$f(f(x)) = 1 + x^2$, then what is f(1)?

Question

I get $f(f(a)) = a^2 + 1 = f(f(-a))$, and so $f(a)^2 + 1 = f(a^2 + 1) = f(-a)^2 + 1$, so $f(a) = f(-a)$ or $f(a) = -f(-a)$, but then I donot know what to do next.
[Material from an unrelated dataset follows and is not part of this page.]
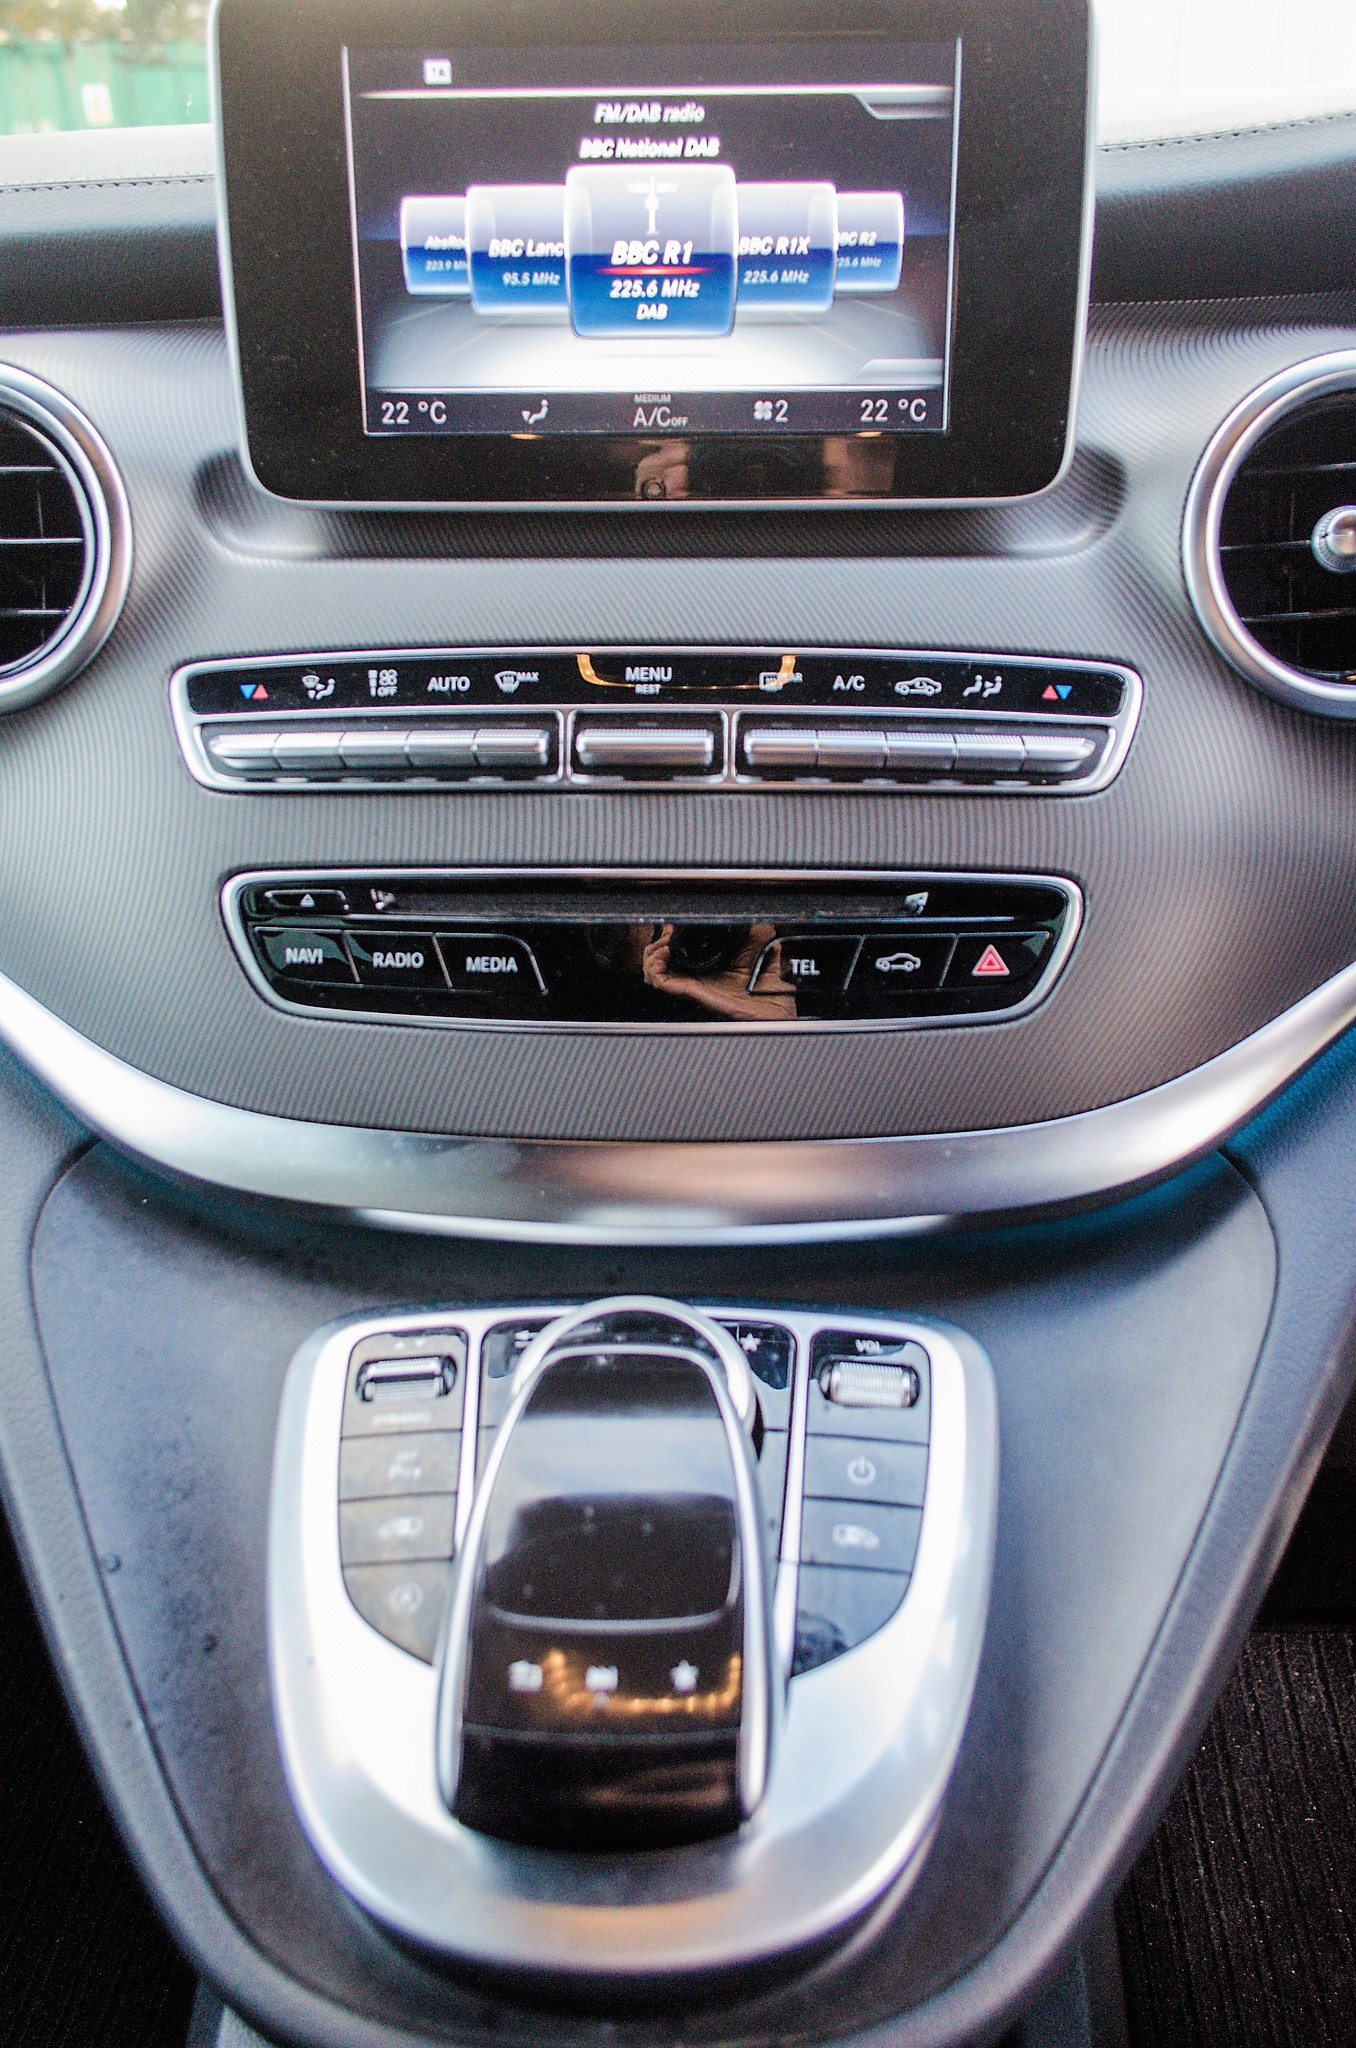 Mercedes Benz V250 Sport Bluetec XLWB auto diesel 8 seat MPV Reg No: FY68 JTO Date of First - Image 25 of 27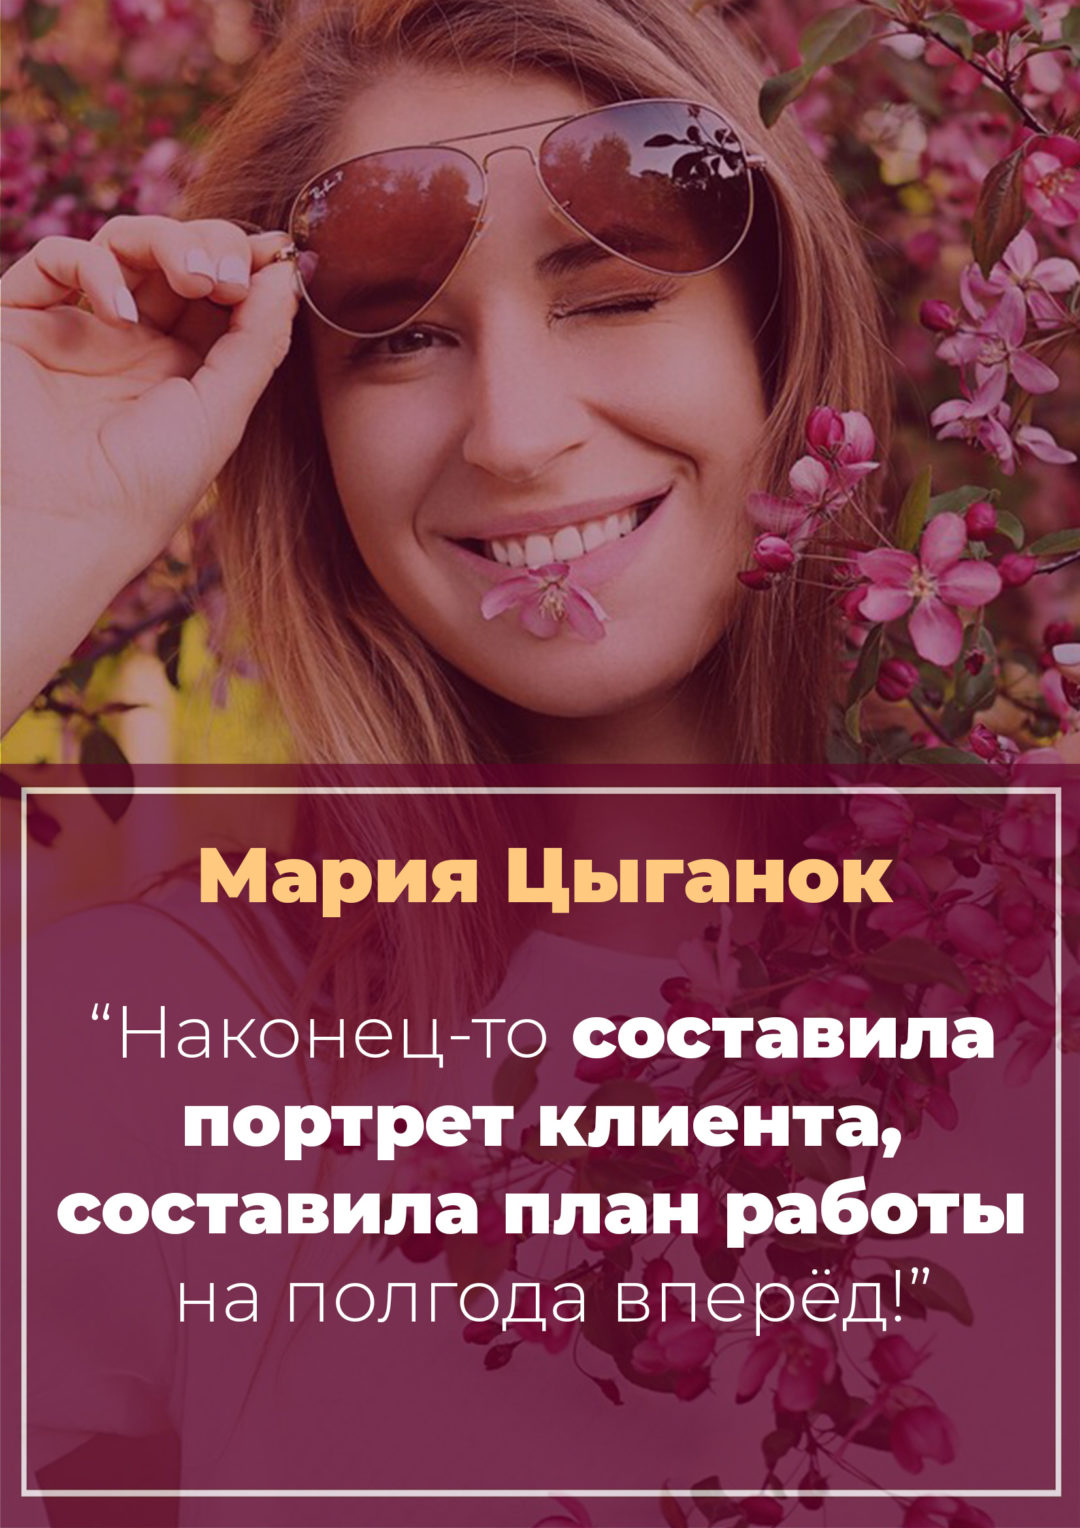 История Марии Цыганок

Thanks for any help.

Answer 1

A piece of information is still required

$f(f(x)) = 1+x^2$

Let's say $y = f(x)$ is the function, then $y = g(x)$ is the inverse function

$f(x) = g(1+x^2)$, $f(1) = g(2)$

$f(f(x)) = 1+x^2 = f(f(-x))$ $f(f(x)) = f(f(-x))$ Therefore $f(x) = f(-x)$ $f(x)$ is a even function

$f(f(x)) = 1+x^2$, say $x → g(x)$

$f(x) = 1+g(x)^2$, $f(1) = 1+g(1)^2$

$1+g(x)^2 = g(1+x^2)$

Say $x → f(x)$ $1+x^2 = g(1+f(x)^2)$, $f(1+x^2) = 1+f(x)^2$

$f(x) = $

$1+f(x)^2 = f(1+x^2)$

I can't find $f(1)$ unless I knew $f(n)$

$f(1+x^2) = 1+f(x)^2$, Remember $f(x) = 1+g(x)^2$

$f(1+x^2) = 1+(g(x)^2+1)^2$, $f(1+x^2) = g(x)^4+2*g(x)^2+2$

Recall $f(x) = g(1+x^2)$, say $1+x^2→x$ $g(x) = f(\sqrt(x-1))$

$f(1+x^2) = f(\sqrt(x-1))^4+2*f(\sqrt(x-1))^2+2$